Two other films, Mon Colonel (directed by Laurent Herbiet and co-written by Costa-Gavras) and Florent-Emilio Siri’s Intimate Enemies are dedicated to the same theme. The first recalls how French soldiers used systematic torture on Algerian civilians and fellaga (freedom fighters) while the second focus on relationships within the French Army at that particular time.

A mini-section entitled Mai 68 Retro gives the opportunity to watch or re-watch Louis Malle’s 1989 classic Milou en mai/ May Fools, centred around a family gathering for their matriarch’s funeral, as well as Mai 68, a rare documentary filmed by Jean-Luc Magneron during the eponymous riots. Other political films are on offer, like Serge Bozon’s unexpected musical war drama La France, beloved actor and FFF guest Jean-Pierre Darroussin’s first directed feature The Premonition or Claude Miller’s highly prized and praised A Secret.
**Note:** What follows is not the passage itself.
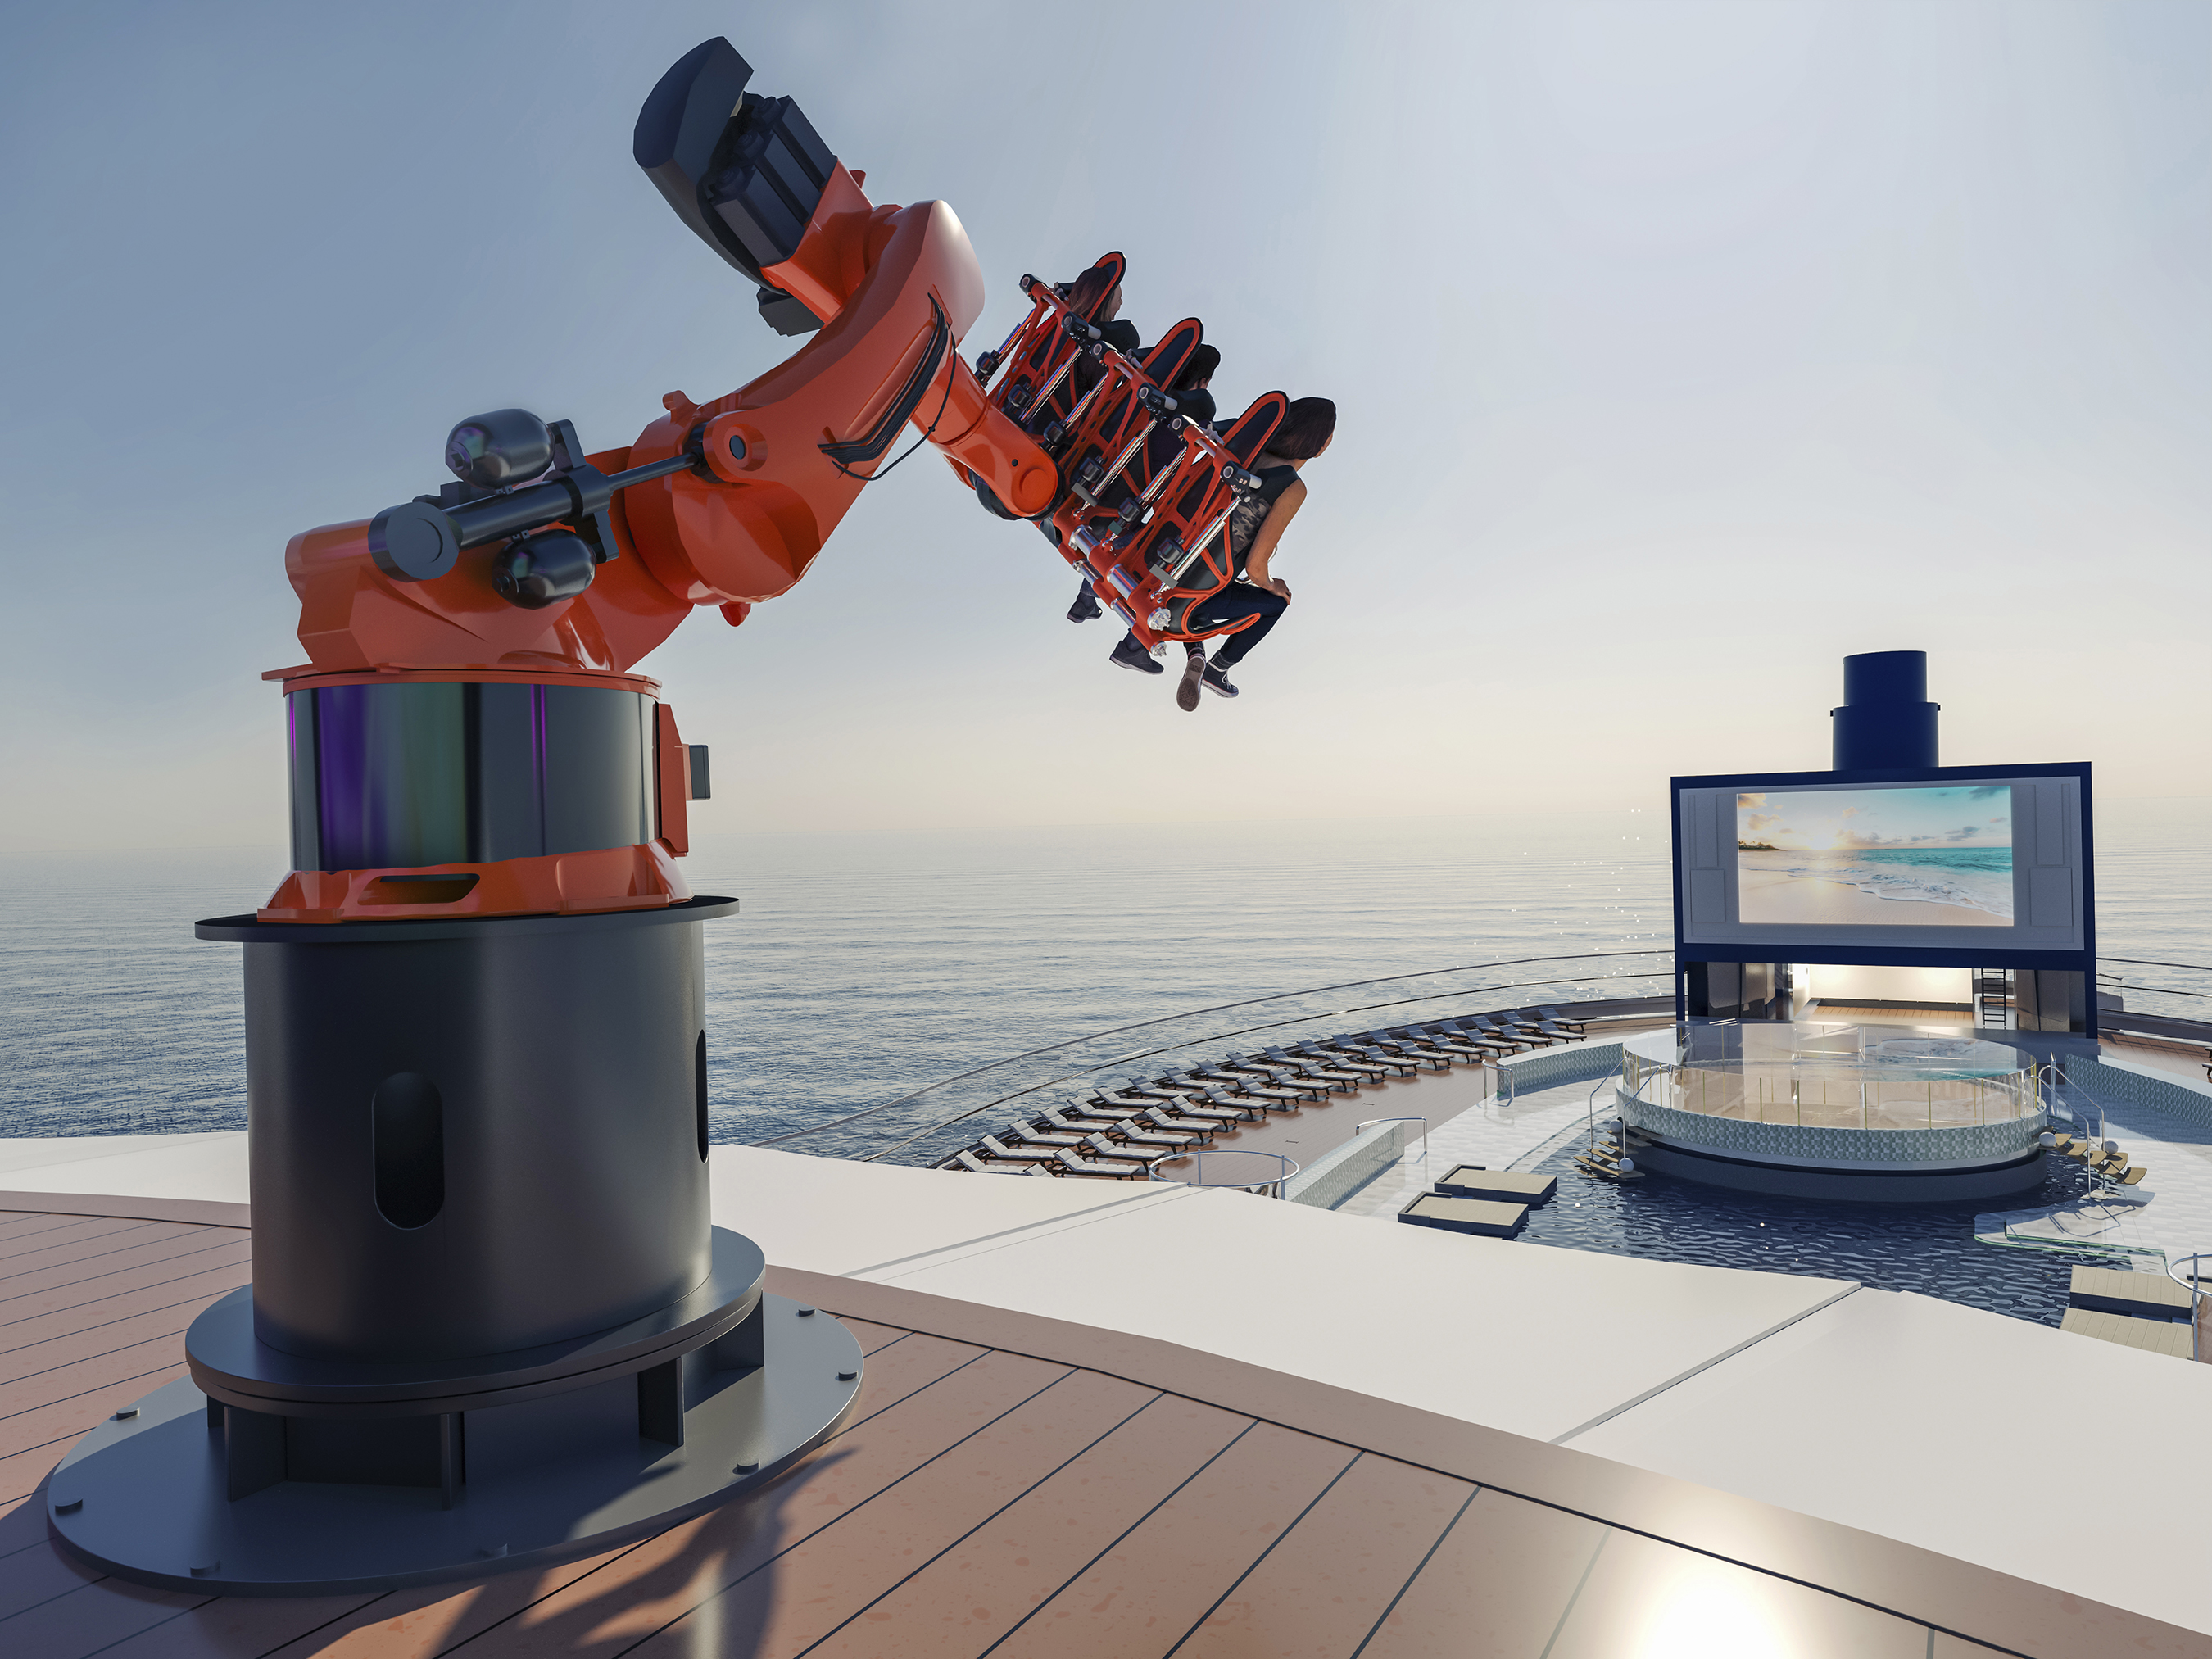 ROBOTRON de MSC Cruceros será el primer paseo en brazo robótico en el mar.

The family and its complex mechanics are also featured, with the Doillon clan strongly present. Boxes, Jane Birkin’s long-awaited directorial debut, is an autobiographical drama in which a menopausal woman, having recently moved to Brittany, leafs through boxes, unleashing ghosts from the past. Veteran director Jacques Doillon’s ex-partner’s theatrical meditation also stars their daughter Lou Doillon.

Lou’s half-sister Lola Doillon hasn’t been outdone, as she will present her first feature Just About Love at the GFT on the 8th of March at 8.30pm, and will stay for a Q&A session. Her comedy offers a fresh outlook on love, youth and first experiences, well summed up by the French title “Et toi, t’es sur qui?” (literally “What about you, who are you on?”).
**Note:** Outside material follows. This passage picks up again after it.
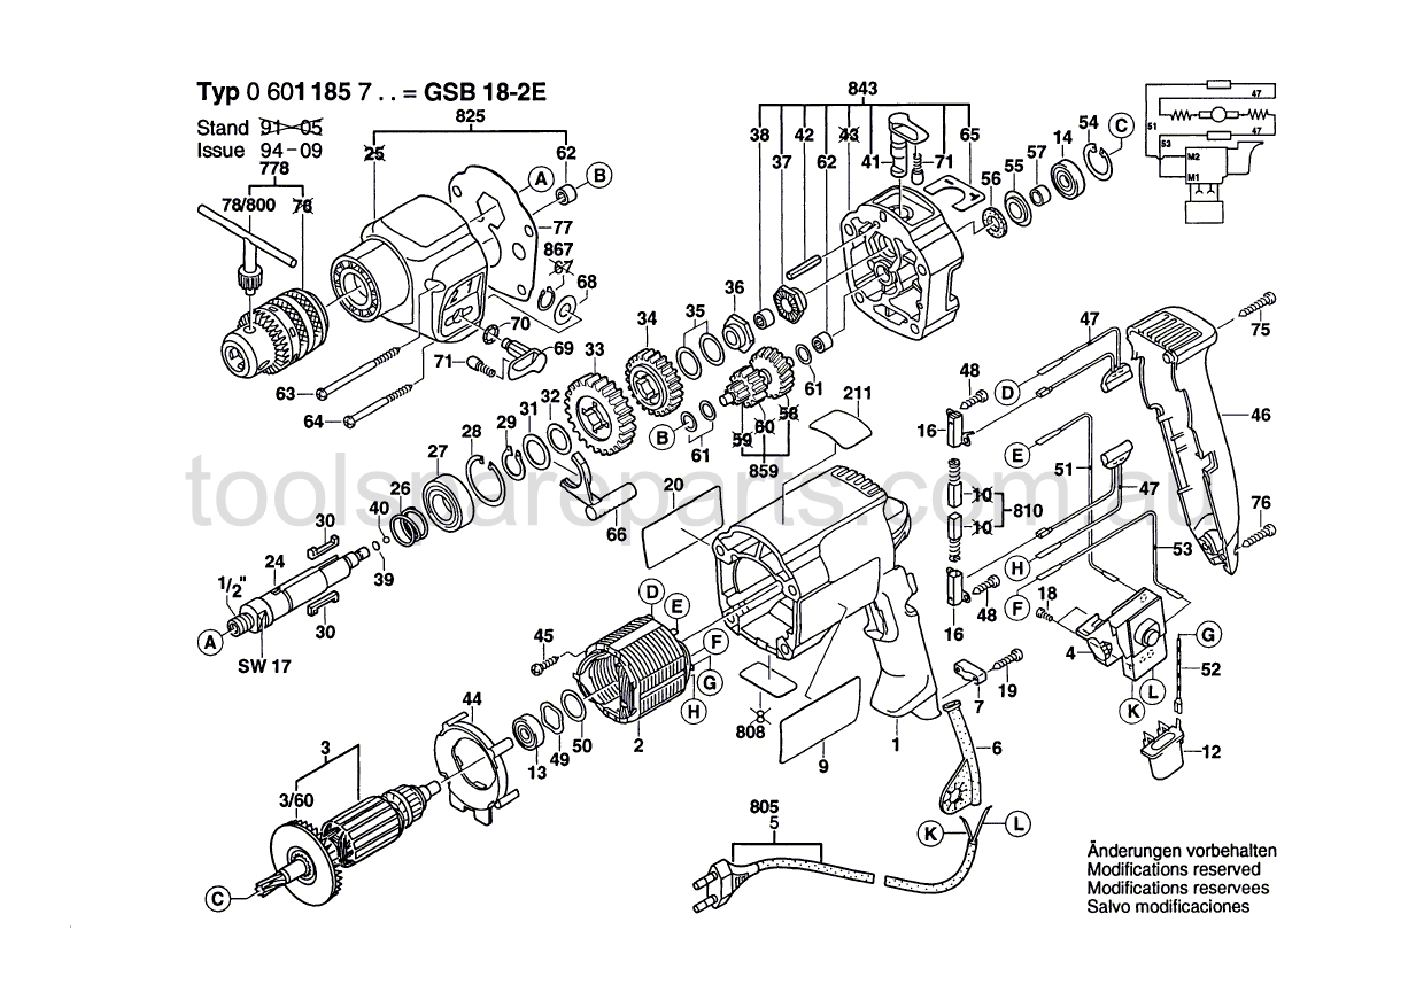 Bosch GSB 18-2 E 0601185737  Diagram 1

Still within the family theme, Hunting and Gathering, a charming comedy drama, celebrates veteran Claude Berri’s return after his 2005 L’un reste, l’autre part, which starred Charlotte Gainsbourg and Daniel Auteuil. Berri has once again gathered an impressive cast ranging from France’s brightest young actors Audrey Tautou and Guillaume Canet to “grandes dames” Danièle Lebrun and Françoise Bertin. Berri’s film has won critical acclaim while being a French box-office success. At the opposite end of the family spectrum is Don’t Worry, I’m Fine, director/actor Philippe Lioret’s intimist drama about a 19 year old girl (amazing newcomer Melanie Laurent) searching for her twin brother.
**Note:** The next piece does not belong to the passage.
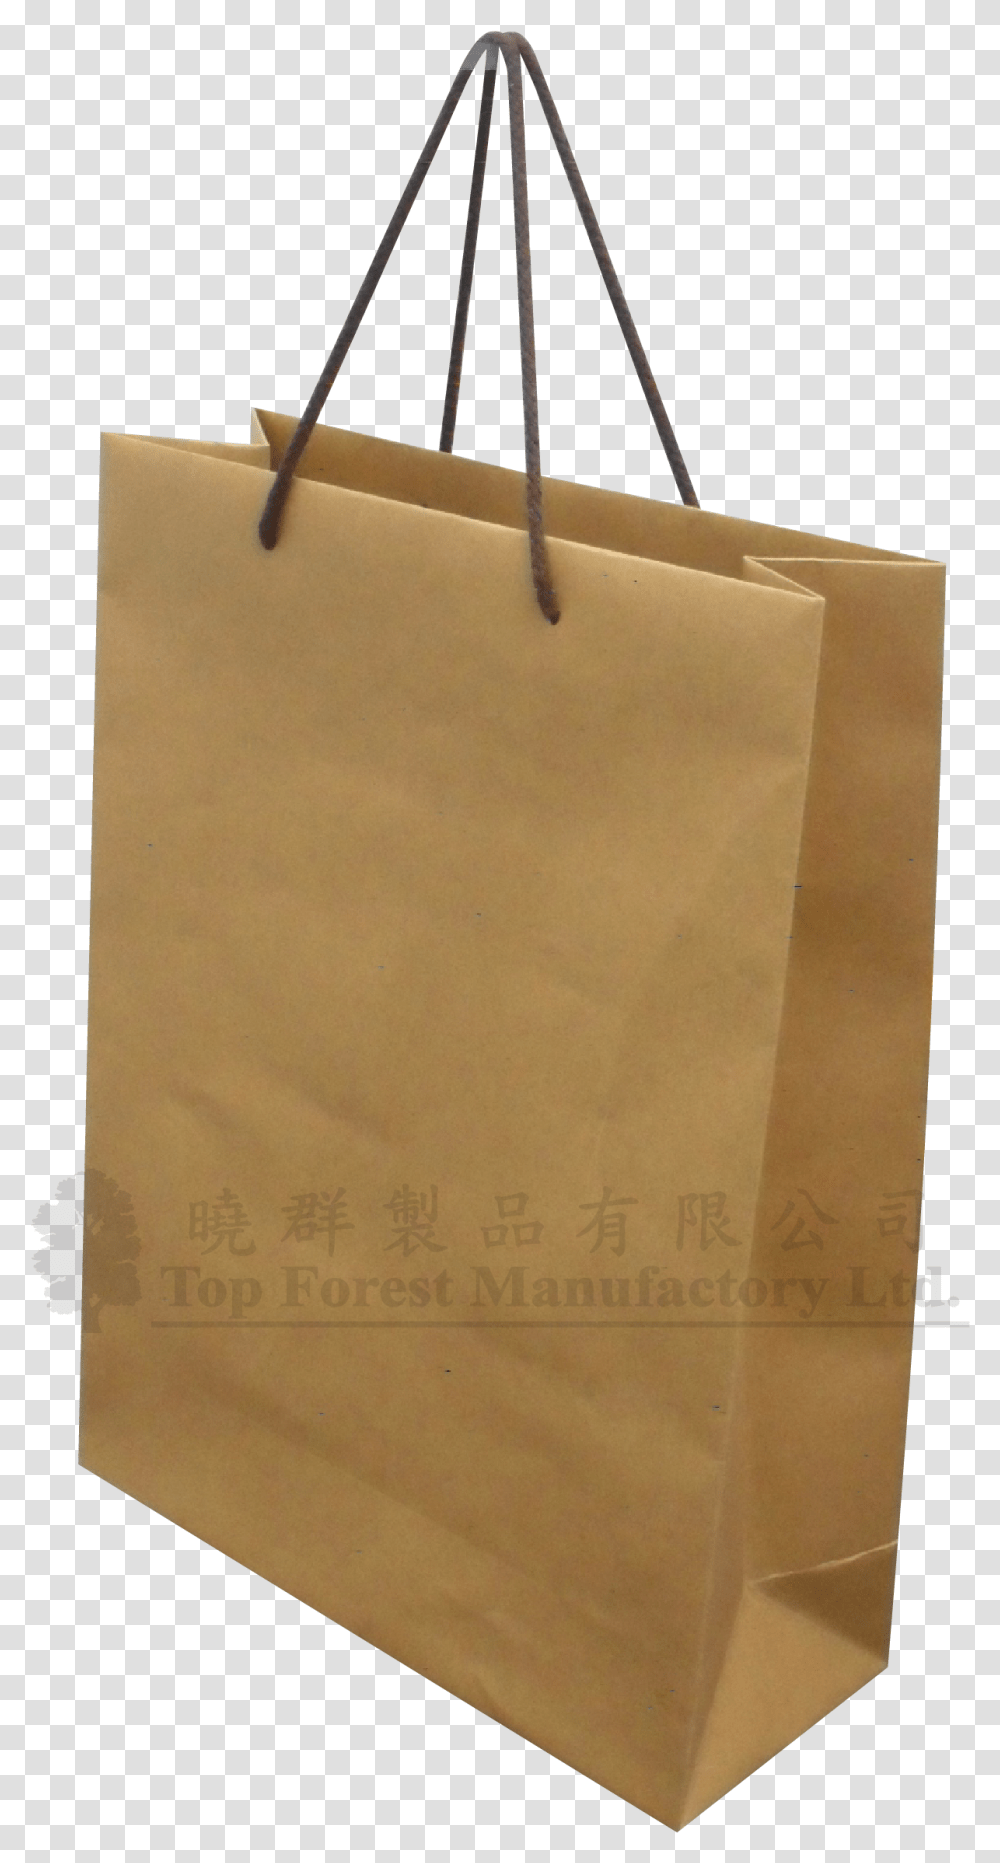 Paper Bag Tote Bag, Box, Shopping Bag Transparent Png

Let’s not forget Conversation With My Gardener, Jean Becker’s new venture. The veteran and FFF guest is better known in the UK for his riveting psycho-thriller L’Eté Meurtrier/ One Deadly Summer (featuring undisputed 1984 César winner Isabelle Adjani) and his Vanessa Paradis/ Gérard Depardieu drama Elisa (1995). In Conversation…, leads Daniel Auteuil and Jean-Pierre Darroussin form an amazing and moving duo at the heart of this bittersweet comedy drama.

Last but not least, a few well-chosen comedies brighten up the selection. Priceless, which premiered at the recent Glasgow Film Festival, is a definite crowd-pleaser, as well as an astute and sarcastic comedy depicting a superficial and wealthy world in which everyone’s for sale. Gad Elmaleh and Audrey Tautou’s unlikely association works well and the two glamorous stars are reminiscent of Cary Grant and Audrey Hepburn in their comedy hey days.

The wonderful Sandrine Bonnaire, whose directorial debut, Her Name is Sabine, is also screened in London for the FFF, reveals her unsuspected comic talent to Vincent Lindon in Pierre Jolivet’s romcom Could This Be Love. And if, unlike one of my revered colleagues, you haven’t had enough of 2008 BAFTA, Oscar and César winner Marion Cotillard, she’s back in Fair Play, directed by FFF guest Lionel Bailliu and also starring heartthrob Benoit Magimel.

All in all the 2008 French Film Festival selection, despite its common themes, is ambitious, challenging and extremely varied. Don’t forget to check out previews of The Story of Richard O, Priceless and Second Wind, as well as reviews of Boxes, La France, In Your Wake, Poison Friends and Before I Forget. Happy Festival! Sport your best beret, grab a glass of wine, and enjoy!